Author: Adrienne L.
Date of Trip: April 2010
La Coruna is the second largest city in Galicia in northwestern Spain, second only in size to the port of Vigo. The city is the capitol of A Coruna province. It was the Galician capitol from 1563-1982 before that role was moved to Santiago de Compostella. La Coruna is a busy port located on a promontory in the entrance of an estuary in a large gulf on the Atlantic Ocean. It provides a distribution point for agricultural goods from the region. The land was once occupied by Phoenicians, Romans, and Moors, but Galicia has its strongest ties to its Celtic past.
La Coruna is built on a narrow strip of land jutting out of the Atlantic Ocean. This strategic location is an excellent base for excursions to Santiago de Compostella, the third holiest sight in the Christian faith, next to Jerusalem and Rome. Legend has it that Saint James came to Spain to preach the new word of the Gospel shortly after the crucifixion of Jesus Christ. He later returned to Jerusalem and was beheaded by Herod Agrippa. Two of James’ disciples removed the corpse and brought it to Padron, 20 kilometers downstream from Santiago. Lost and forgotten for 750 years, a hermit who was directed by divine light to a field just outside present-day Santiago de Compostella, rediscovered the remains in AD 813. The story spread throughout Europe and a pilgrimage to Santiago began. At the height of its popularity, in the 11th and 12th centuries, the city was receiving over half a million pilgrims each year. Believing in the miraculous power of Saint James, it was thought the journey would guarantee a remission of half of one’s time in purgatory.
Despite the fact that La Coruna is an ancient city it does not have a wealth of historical and architectural monuments. The great event in the history of La Coruna occurred in 1588 when Philip II’s Invincible Armada sailed with a fleet to conquer England.

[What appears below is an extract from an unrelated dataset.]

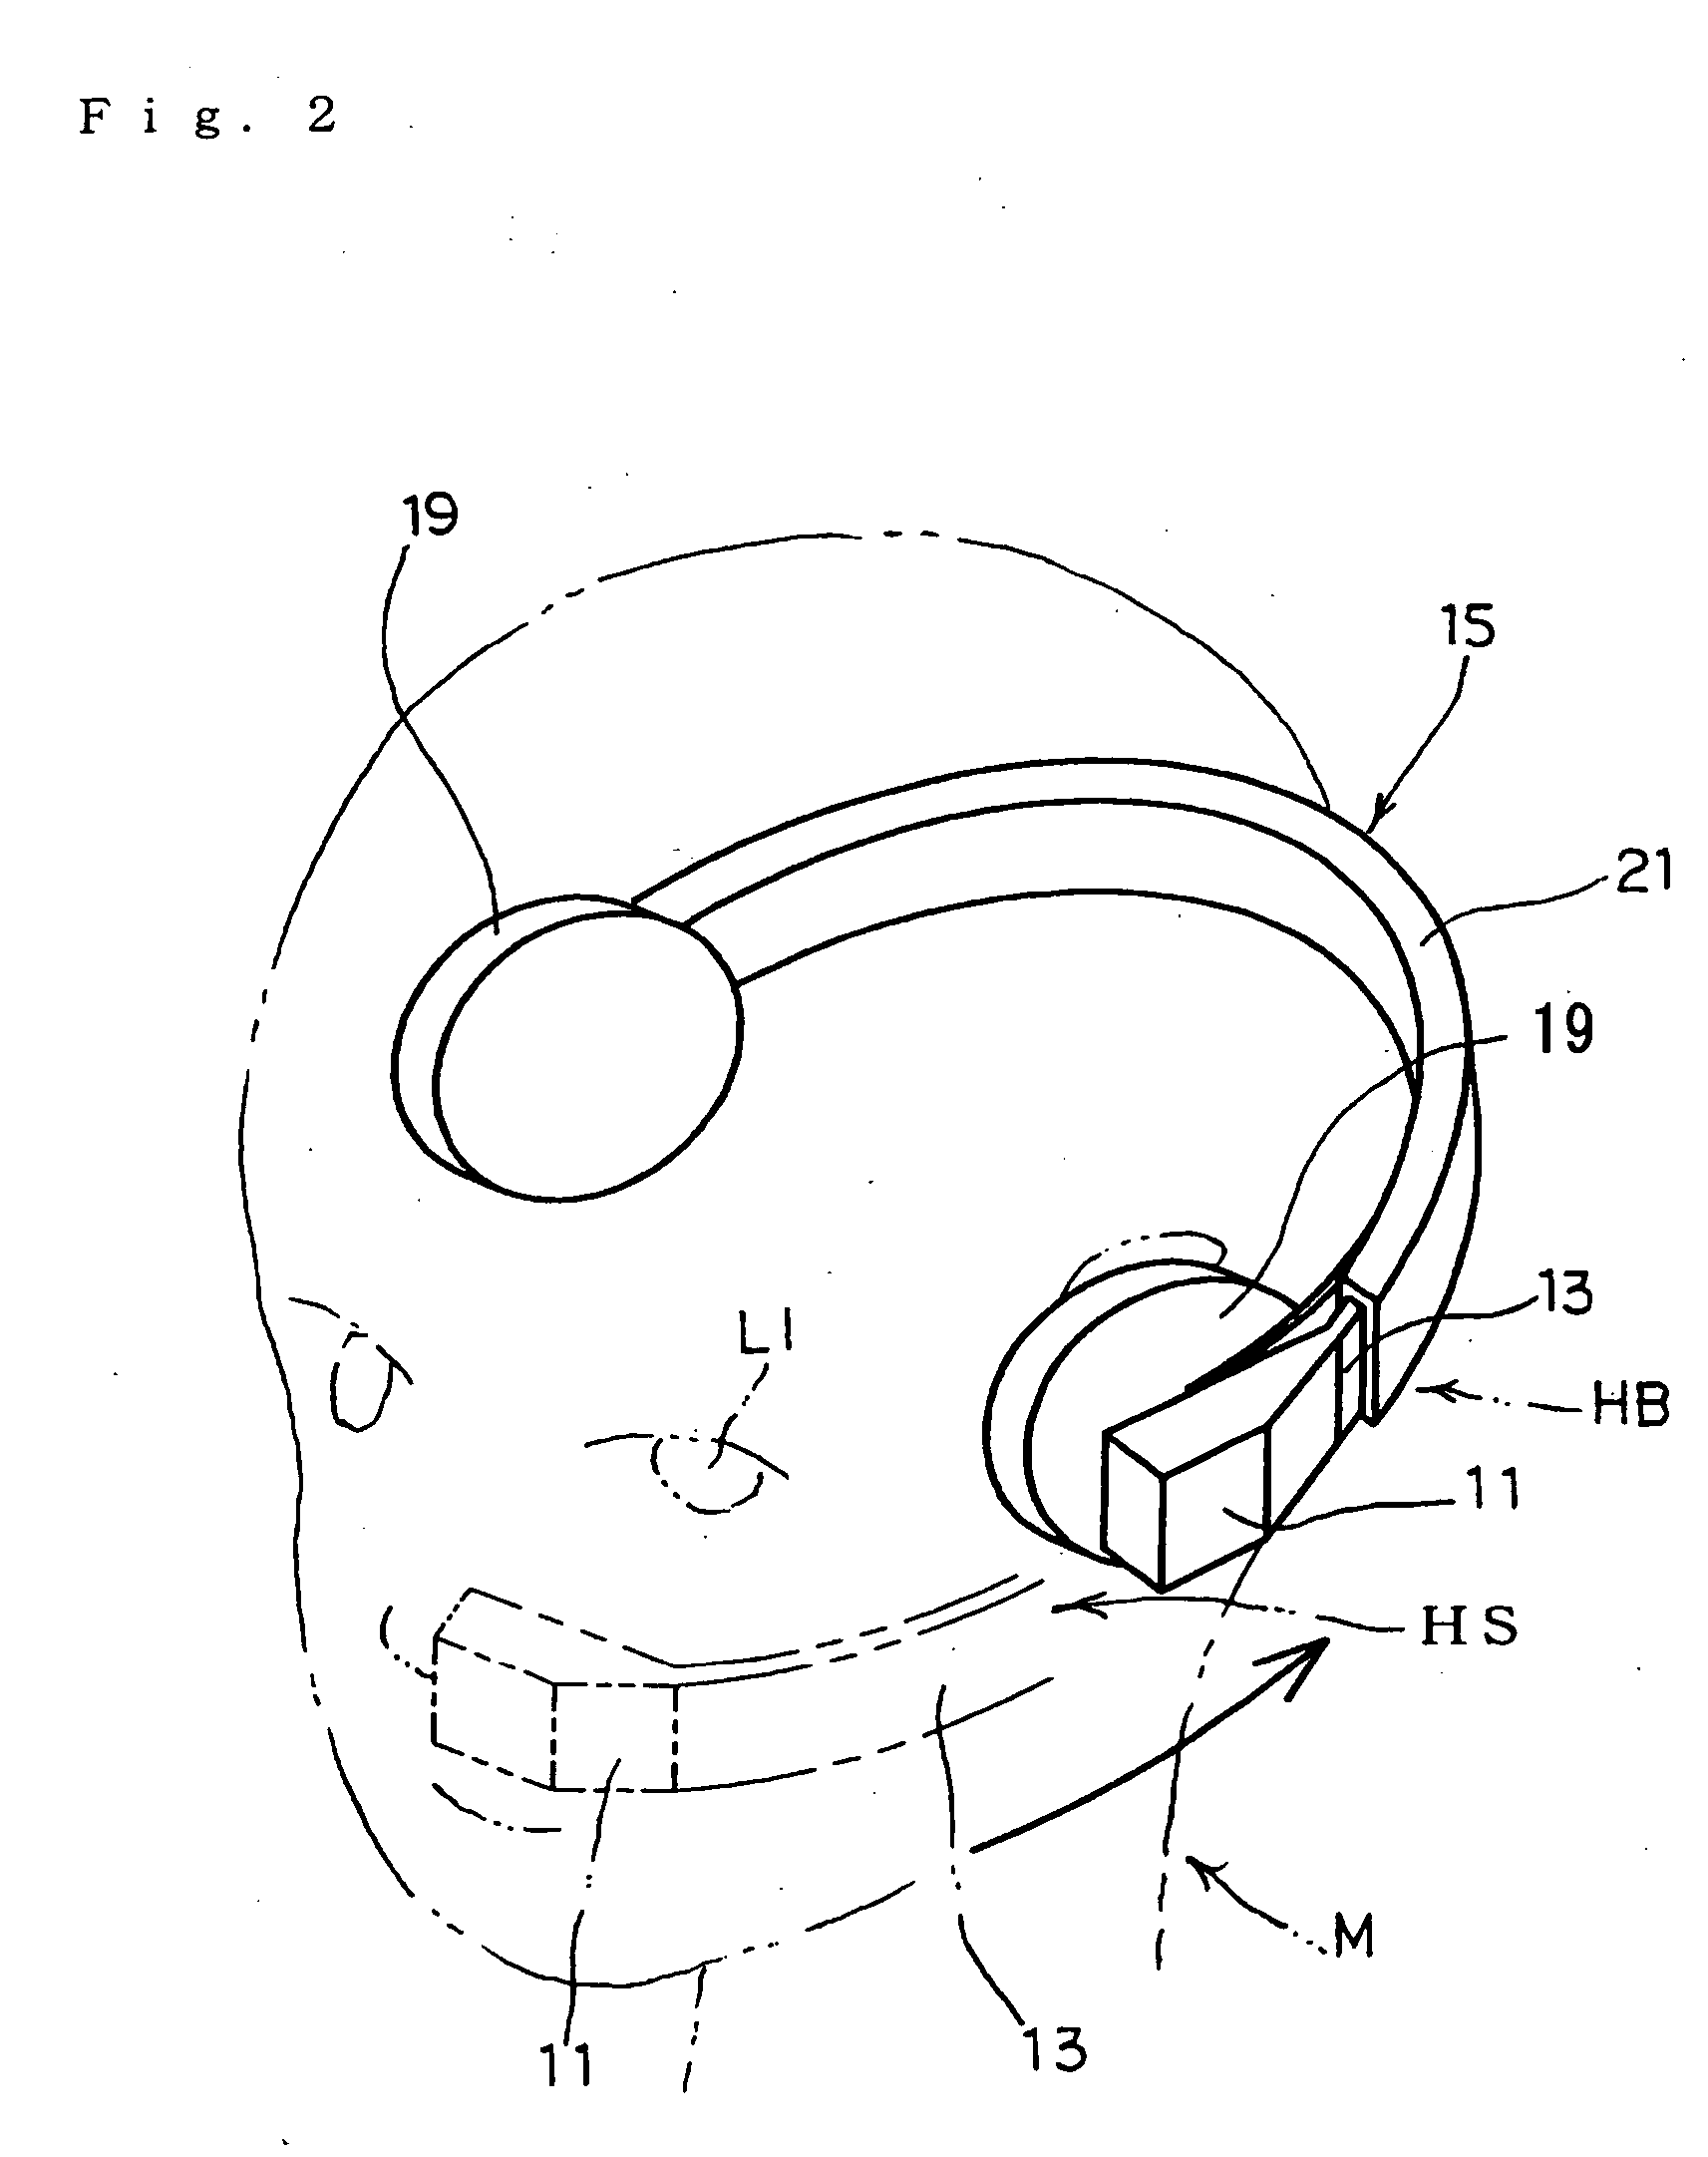 Head mounted display

Caught in a ferocious storm, most of the fleet was destroyed with only a few ships returning to Spain one month later. The spirit of Spain was badly shaken and to make matters worse, Sir Francis Drake and the English arrived one year later and devastated the town.
We sailed into La Coruna at 8:00 A.M. and the temperature was 68 degrees. Our prior research let us know that we could explore the city on our own, so we disembarked with map in hand. Our plan was to take a tour on one of the open-air tour buses that we had found in most cities. However, we soon found out that the buses only ran on the weekends and this was a Wednesday. So we stopped by the local tourist office to get more inside information. The Plaza de Maria Pita was a gateway into the old town section of the city where we visited numerous churches and even attended mass in one of the most beautiful Spanish churches we had ever visited. As we ventured further into the old town to get a sense the city we immediately noticed that the overall feel was medieval. There was an assortment of shops that featured contemporary attire for young and old alike. We noticed a plethora of restaurants that featured fresh seafood and cured hams. We visited several tapas bars that offered local specialties like mussels, crayfish, scallops and octopus. We also sampled the local wine such as Al Barino and beer, Estrella Galicia. Although the local people were quite friendly, we did not encounter the vying for our attention or tourist dollars that is so prevalent in other cities. It was easy to feel like a local. The weather, although warm, changed quite rapidly from sunny to rainy. Unfortunately we had left our umbrella aboard the ship and spent a fair amount of time huddling under shop awnings until we found an umbrella to purchase.
We found La Coruna to be interesting and charming. Does it have a lot to offer? Maybe for some, but our favorite Spanish cities are still Barcelona and Palma de Mallorca.